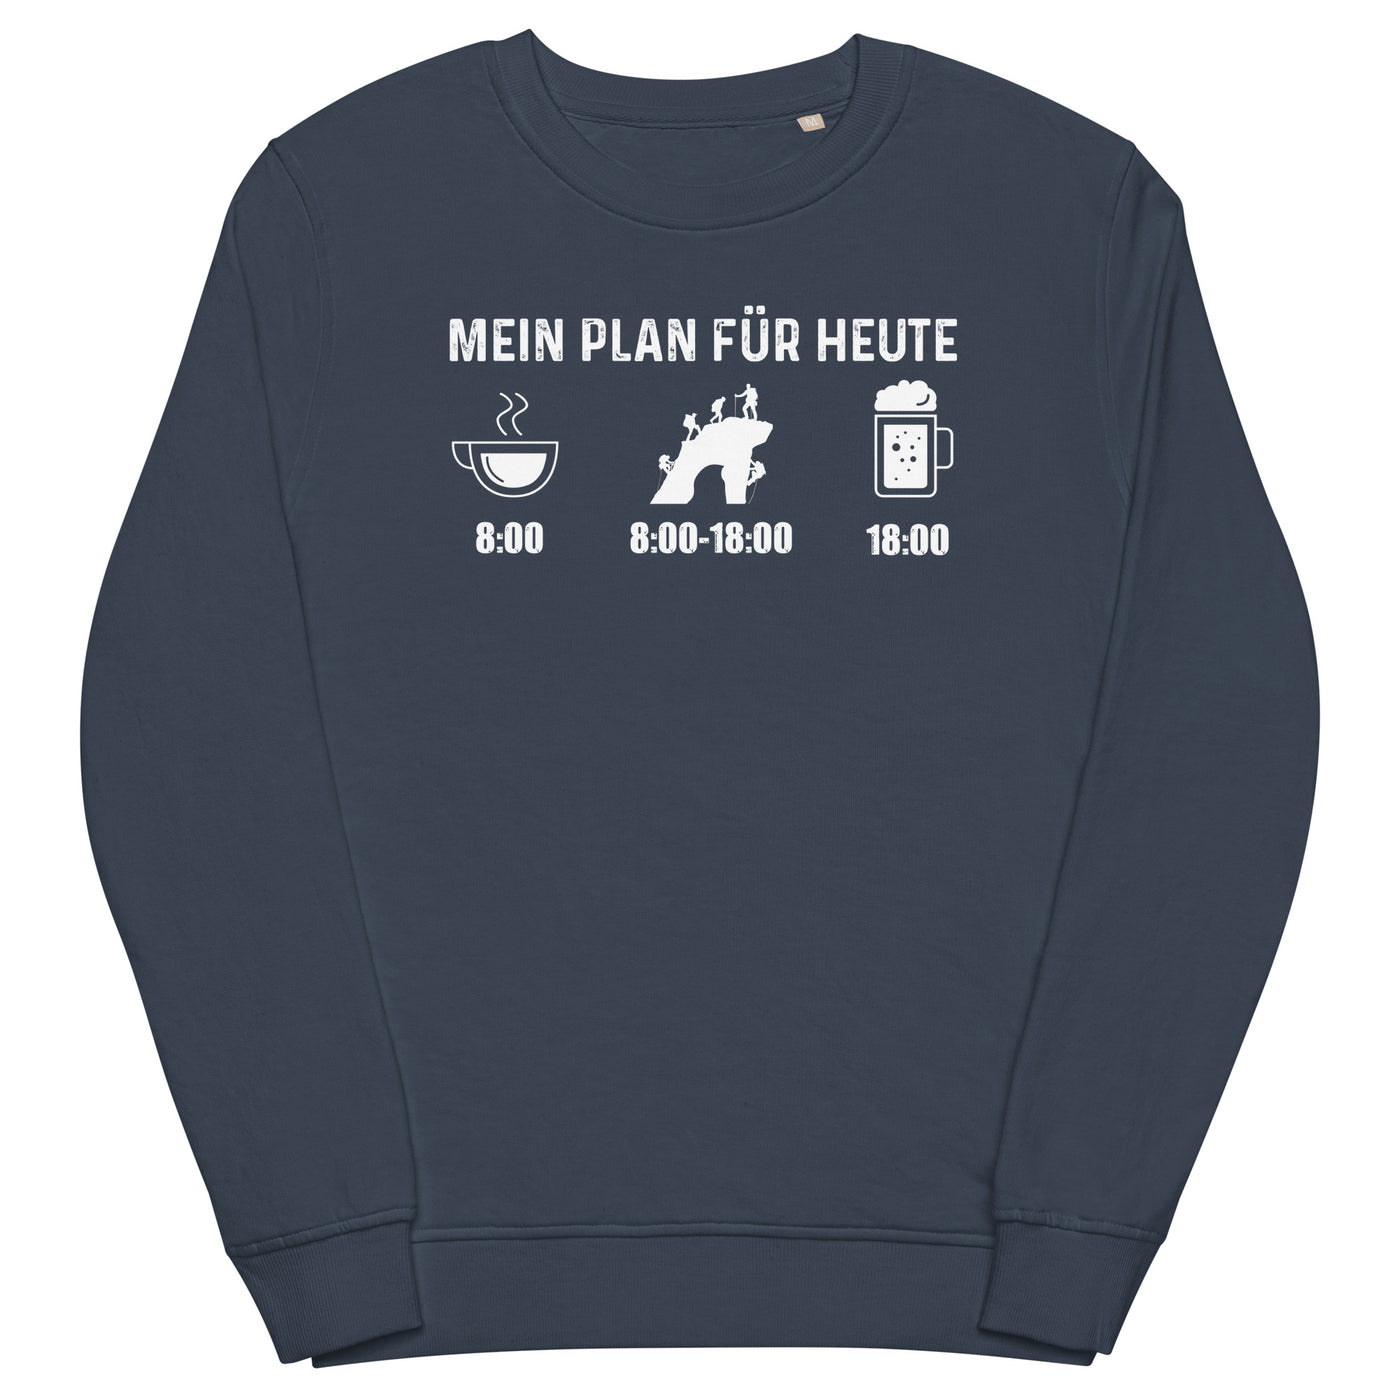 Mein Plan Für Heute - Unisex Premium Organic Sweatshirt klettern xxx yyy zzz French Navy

* * * *

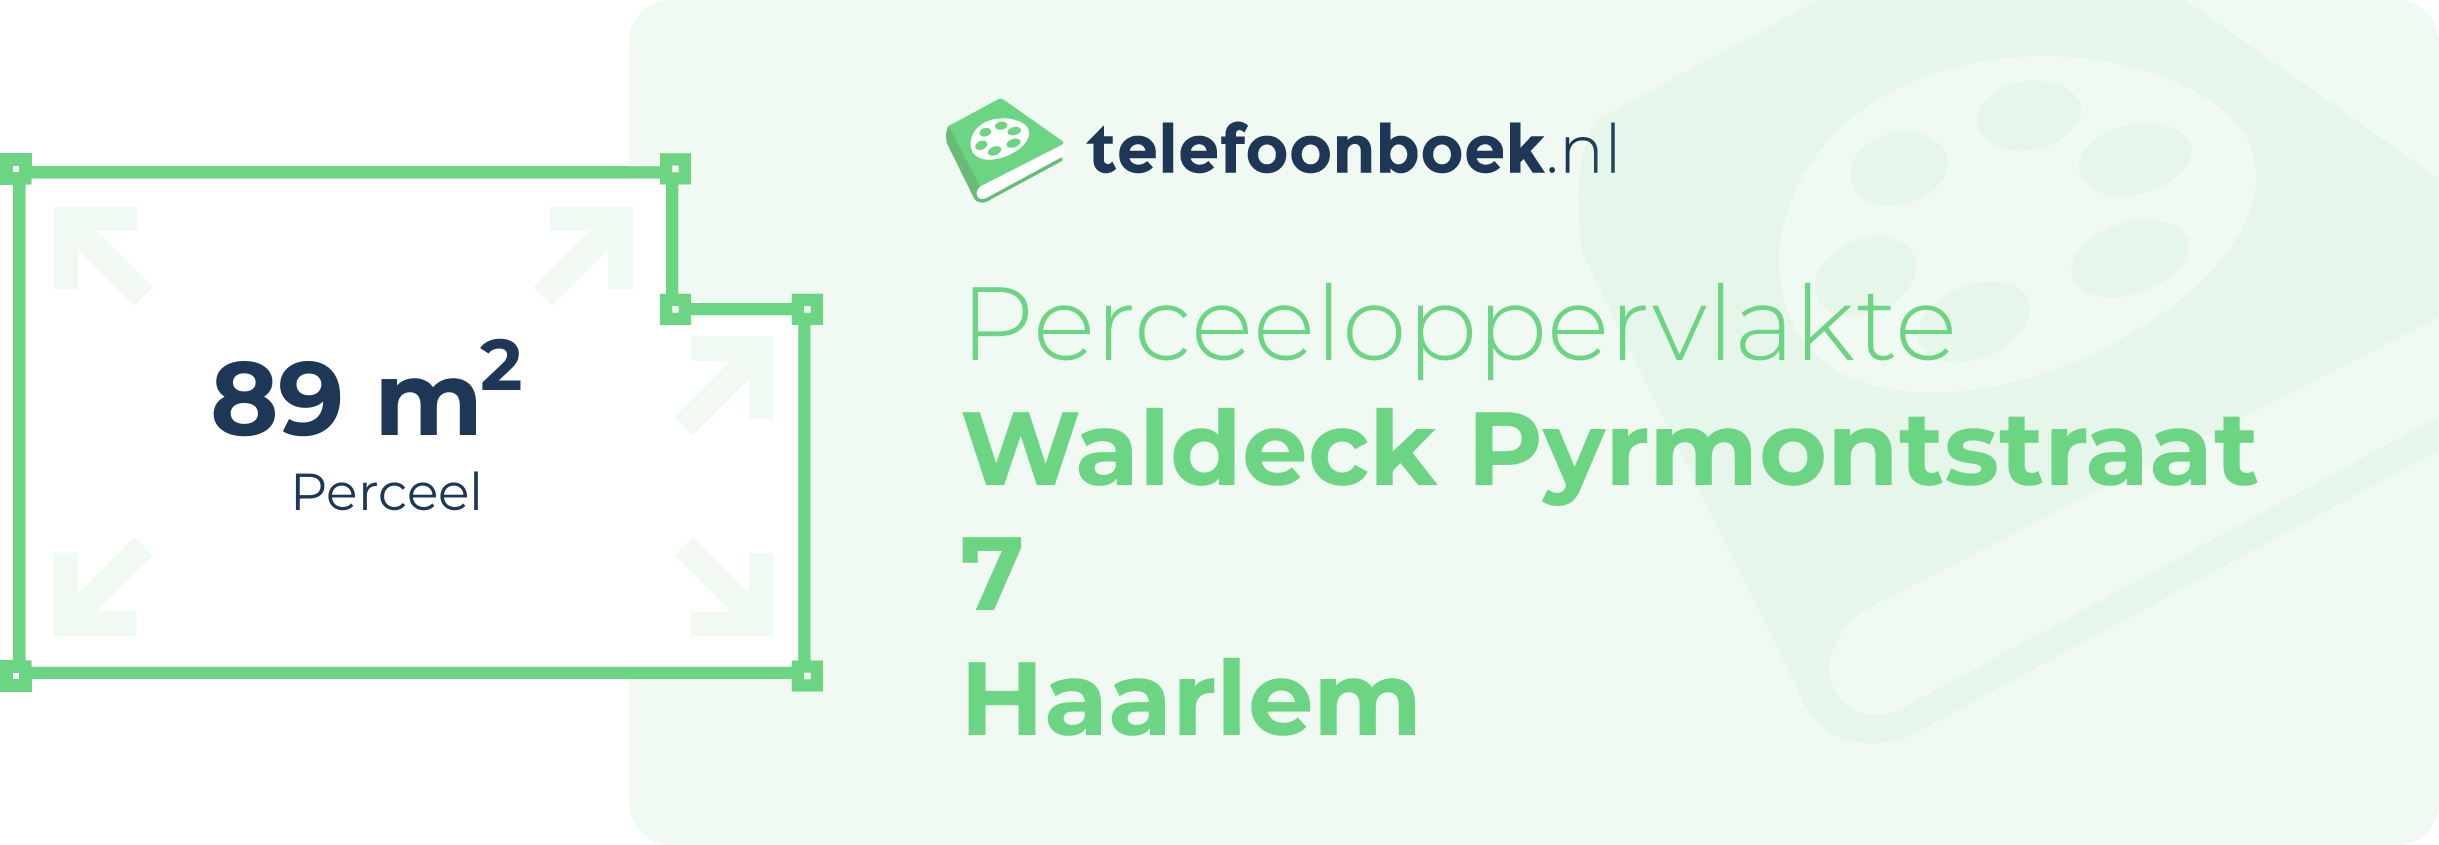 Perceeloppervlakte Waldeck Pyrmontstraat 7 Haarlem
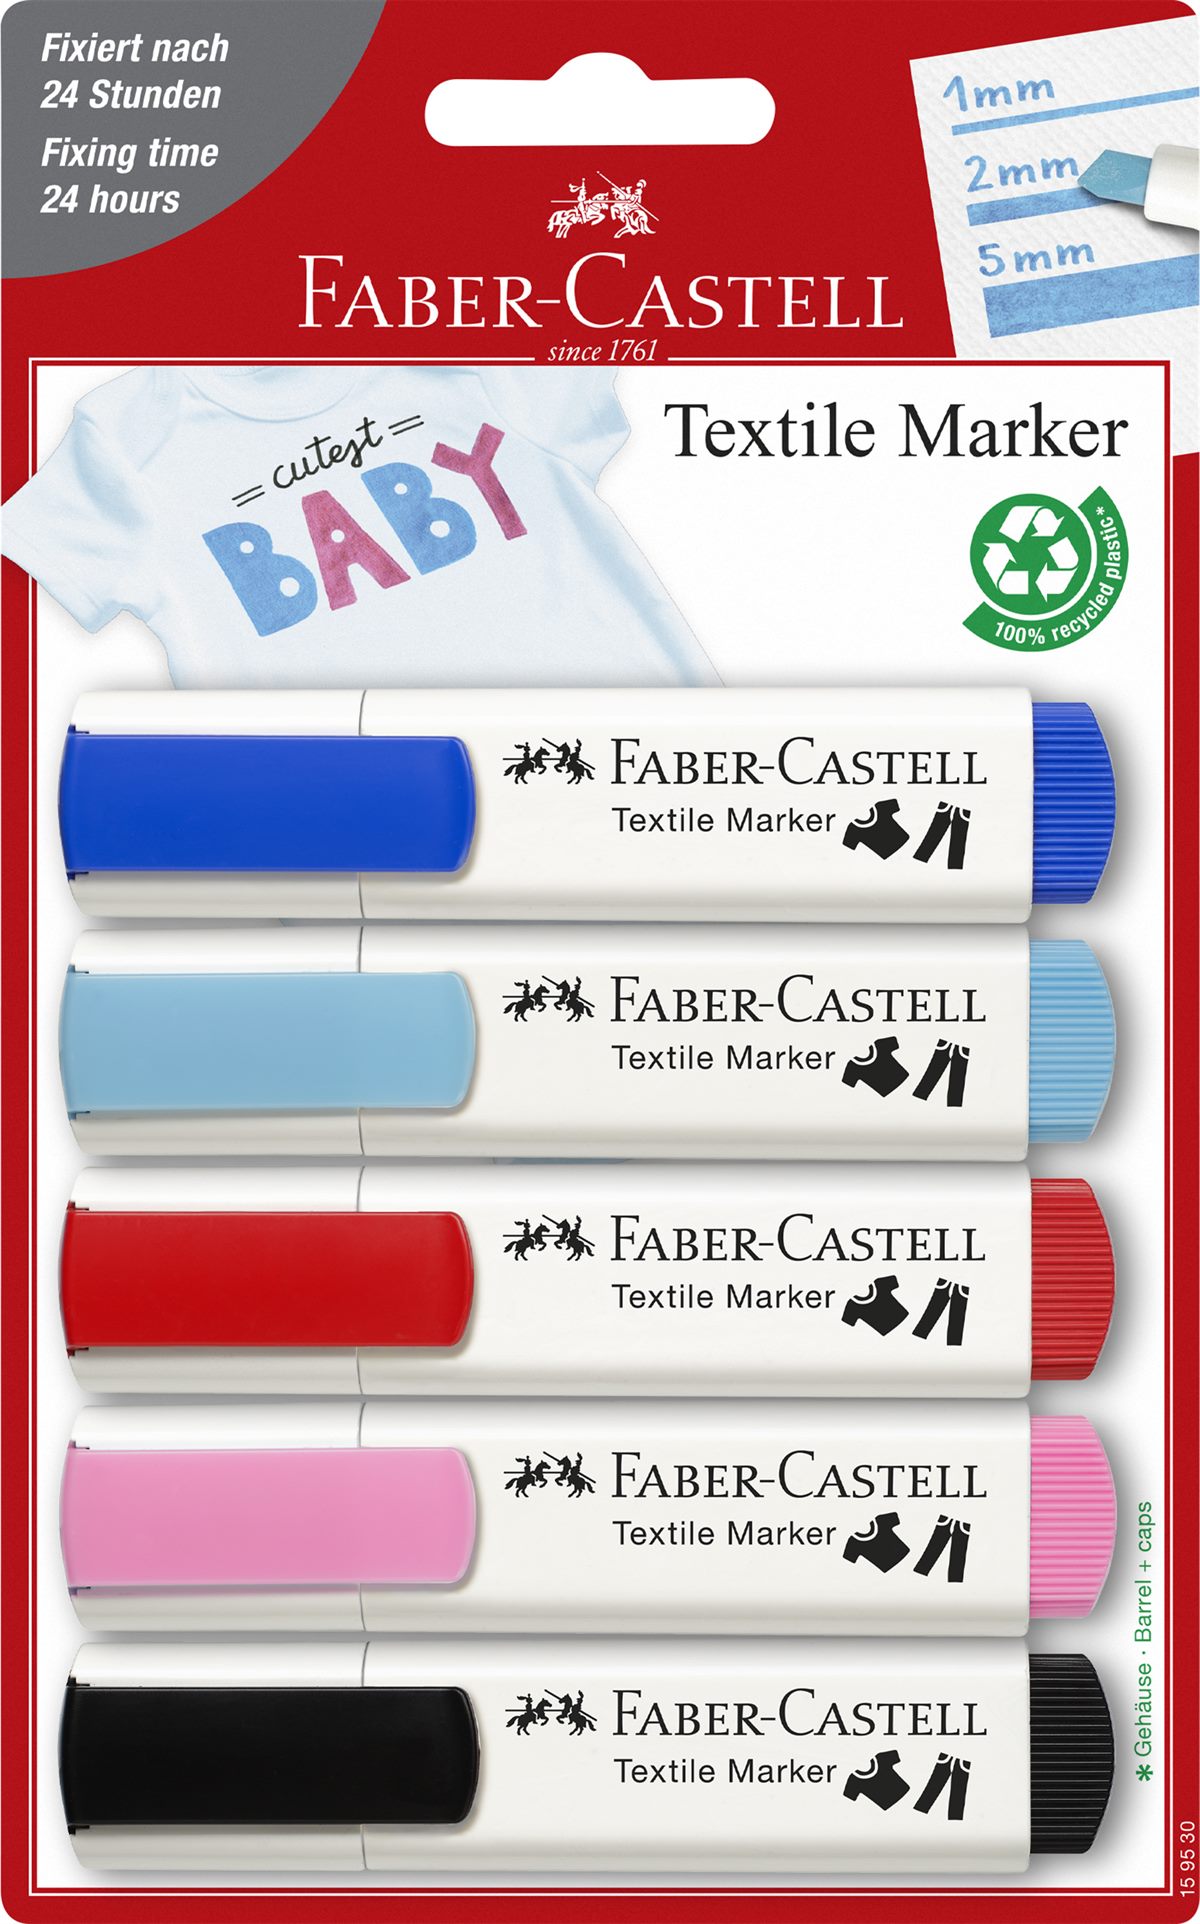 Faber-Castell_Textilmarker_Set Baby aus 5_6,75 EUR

* * * *

#### REQUIRED ACTION
Pictures do not belong in the answer. Return the lines above starting at the one with "Perceeloppervlakte Waldeck Pyrmontstraat" and ending at the one with "Faber-Castell_Textilmarker_Set Baby aus", both kept, exactly.

#### WRITTEN SOLUTION
 Perceeloppervlakte Waldeck Pyrmontstraat 7 Haarlem
 Faber-Castell_Textilmarker_Set Baby aus 5_6,75 EUR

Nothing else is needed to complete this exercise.